Earlier at midnight, while hundreds of thousands of people celebrated the dawn of a new year in Times Square, five kilometres away, Mamdani was first sworn into office by New York State Attorney General Letitia James, a nemesis of President Donald Trump,

in a private ceremony at an abandoned, but ornate, metro station below the City Hall.

The ceremony at the stroke of midnight to technically establish his control of the city was witnessed only by his family, a select group of loyalists and the media in contrast to the jubilant celebration in the heart of the city.

Meanwhile, at Times Square, where the temperature dipped to around minus 1 degree Celsius, crowds belted out “New York, New York”, as the iconic ball embedded with crystals dropped on a pole atop a building marking the annual ritual of turning the calendar.

The ball-drop also marked the end of the mayoralty of Democrat Eric Adams, the city’s second African American mayor, who fell afoul of former President Joe Biden for complaining about the burden of illegal immigration and was hounded by his Justice Department.
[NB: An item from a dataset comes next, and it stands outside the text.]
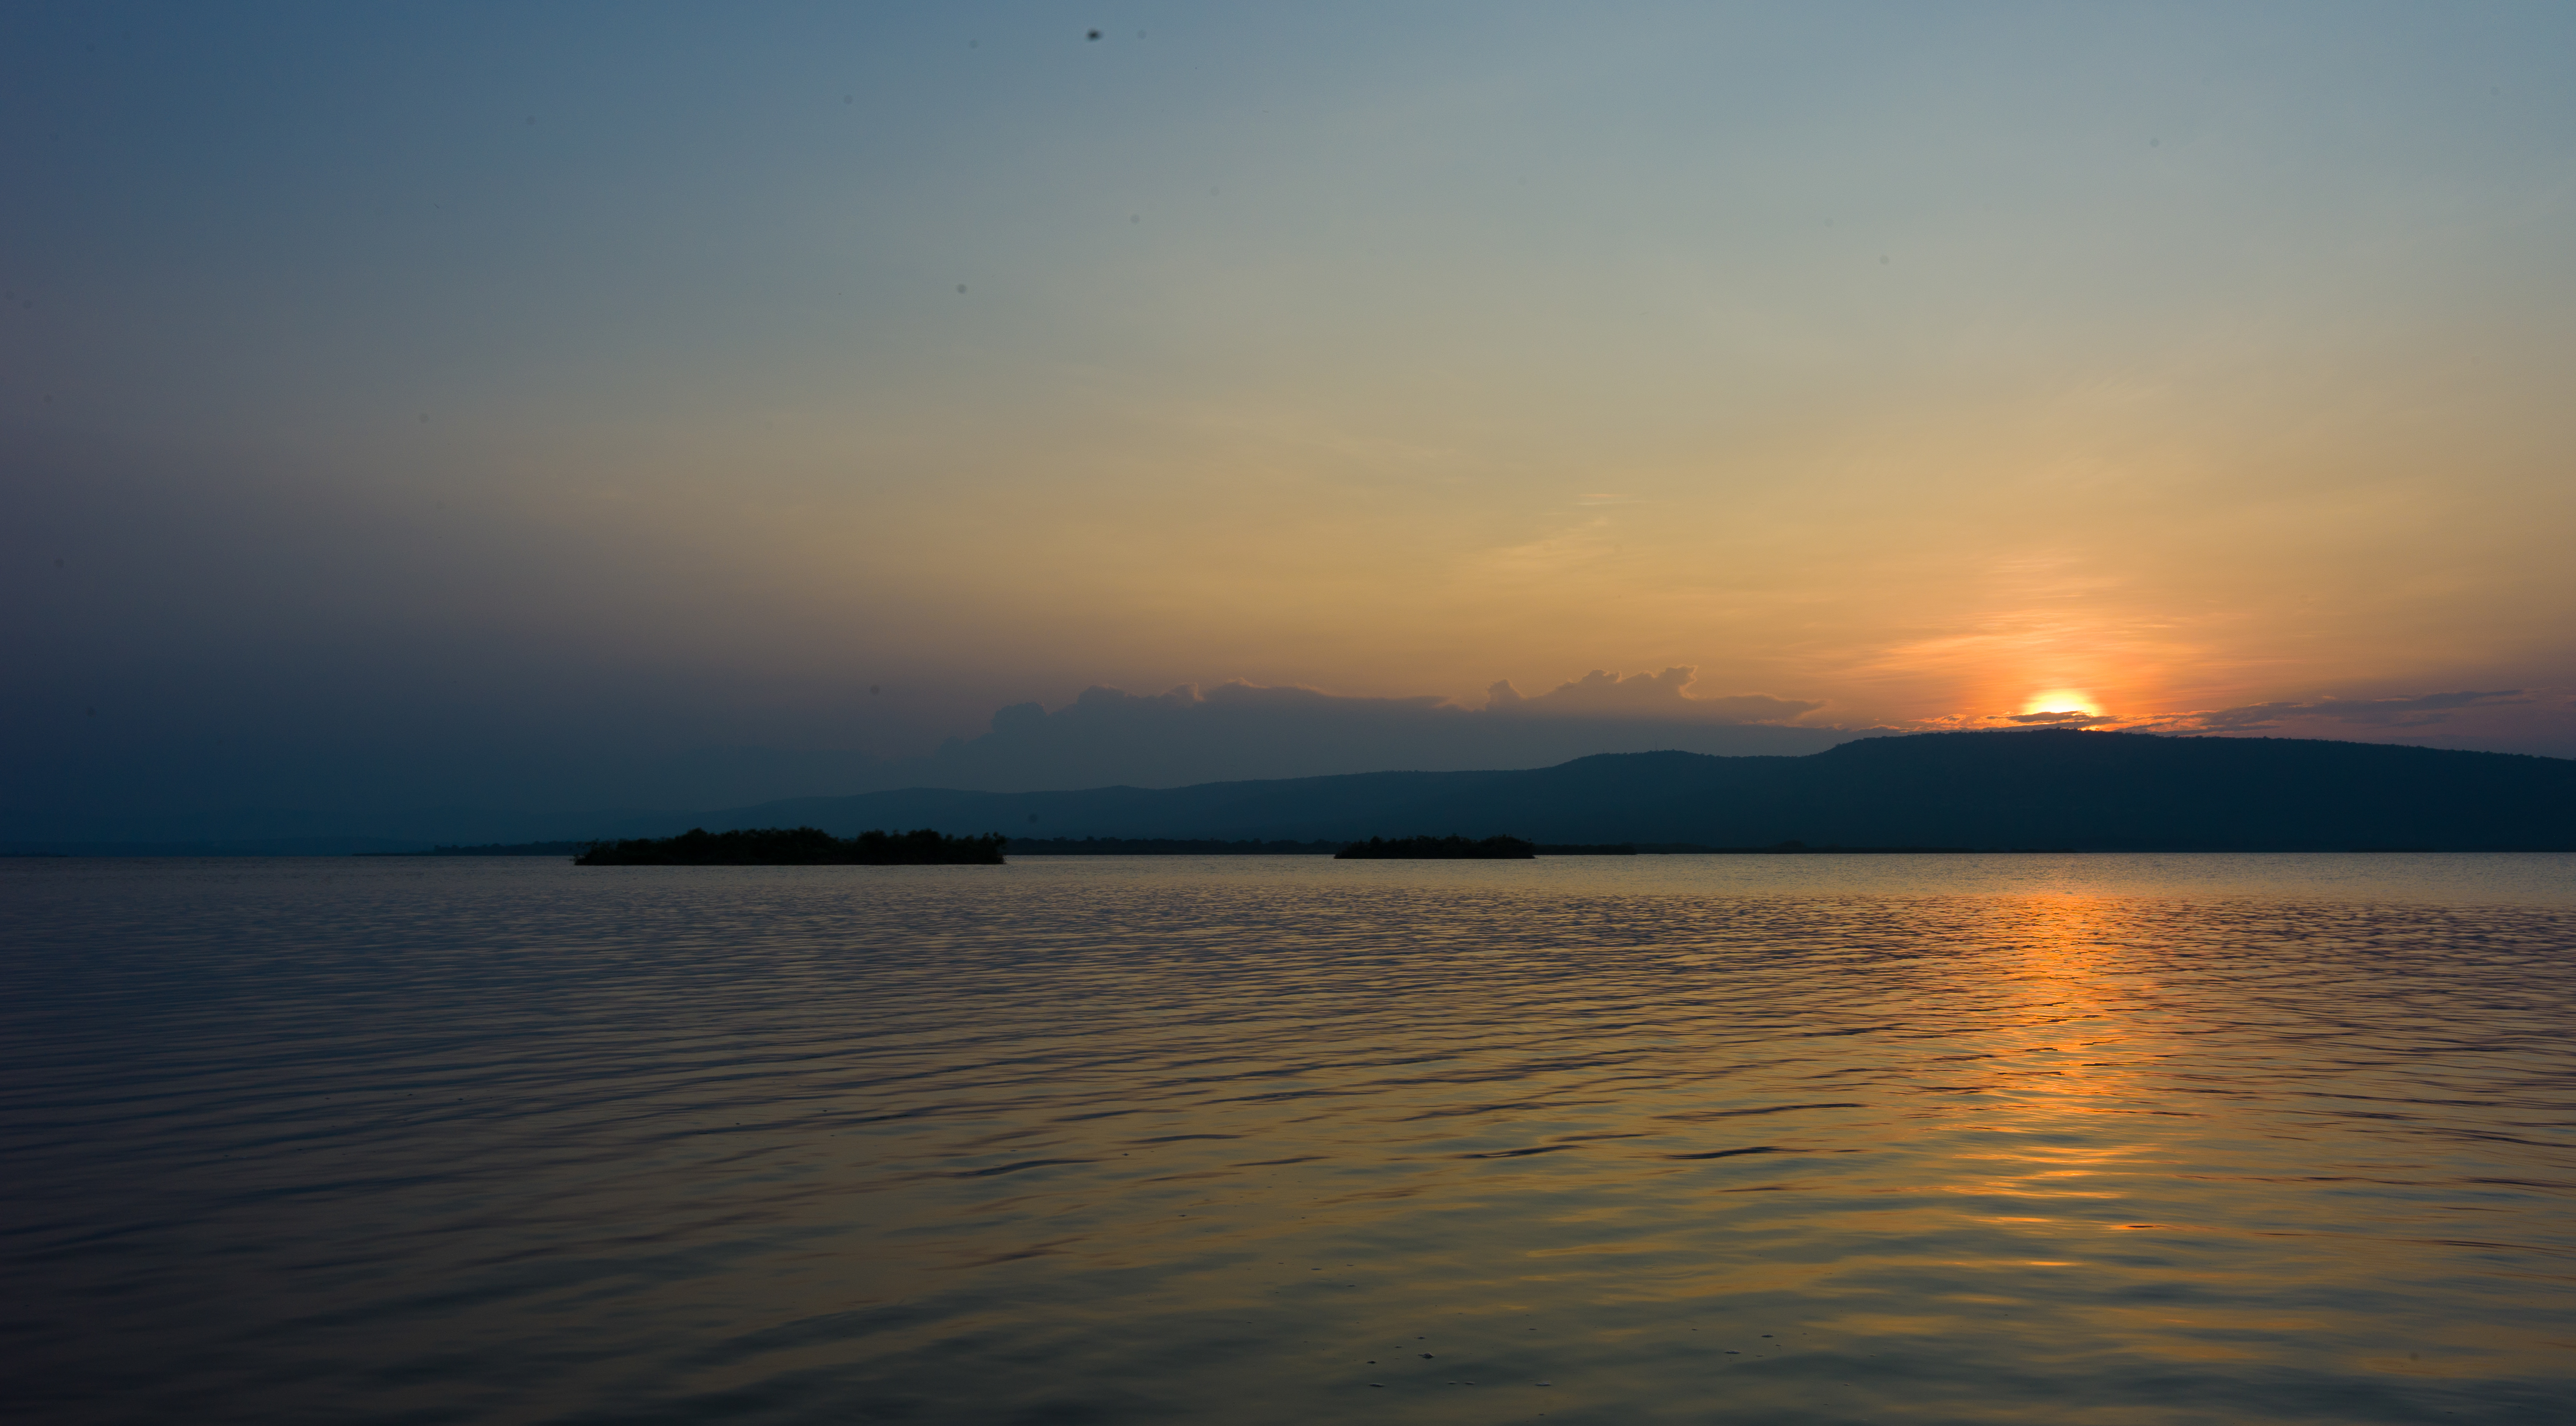 Sunset over an Akagera lake

Mamdani, a Shia Muslim, scored an upset in the party’s primary election to select the candidate and later at the general election.

Both times, he defeated former New York Governor Andrew Cuomo by riding on a wave of discontent over the cost of living and the traditional political machine.

He received only 51 per cent of the votes, the rest split between Cuomo and a maverick Republican, Curtis Sliwa.

Despite his claims – and that of his supportive media – that he won by a landslide, that margin of victory does not obscure the fact that almost half the city views him sceptically.

He had walked back on some of his radical statements or tried to brush them off, and notably, he has tried to reach out to the Jewish community, a broad section of whom considered some of his statements and allies as anti-Semitic.

The city fire commissioner resigned, citing Mamdani’s attitude toward Jews (even though the Jewish police commissioner agreed to stay on).

To appeal to his Islamic and radical bases, he has also made the apparently ridiculous threat of arresting Israel’s Prime Minister Benjamin Netanyahu, who would be under federal Secret Service protection.

Mamdani has stepped away from extremist demands to take over “means of production”.

The thrust of his campaign was “affordability”, a rallying cry over the cost of living in the city, a centre of finance and media that has wide income disparities.

Most of his campaign proposals would need approval at the state level and require funds running into the millions.

His “tax the rich” proposals – repeated by Sanders – to fiance his programmes have met resistance because already 45 per cent of the city’s total income tax revenue of $18.5 billion comes from about 1 per cent of high earners, who could flee the city.

Mamdani has railed against Prime Minister Narendra Modi and has participated in a Khalistani demonstration where foul words were shouted in religiously targeted slogans against Hindus.

He has neither dissociated himself from it nor condemned it.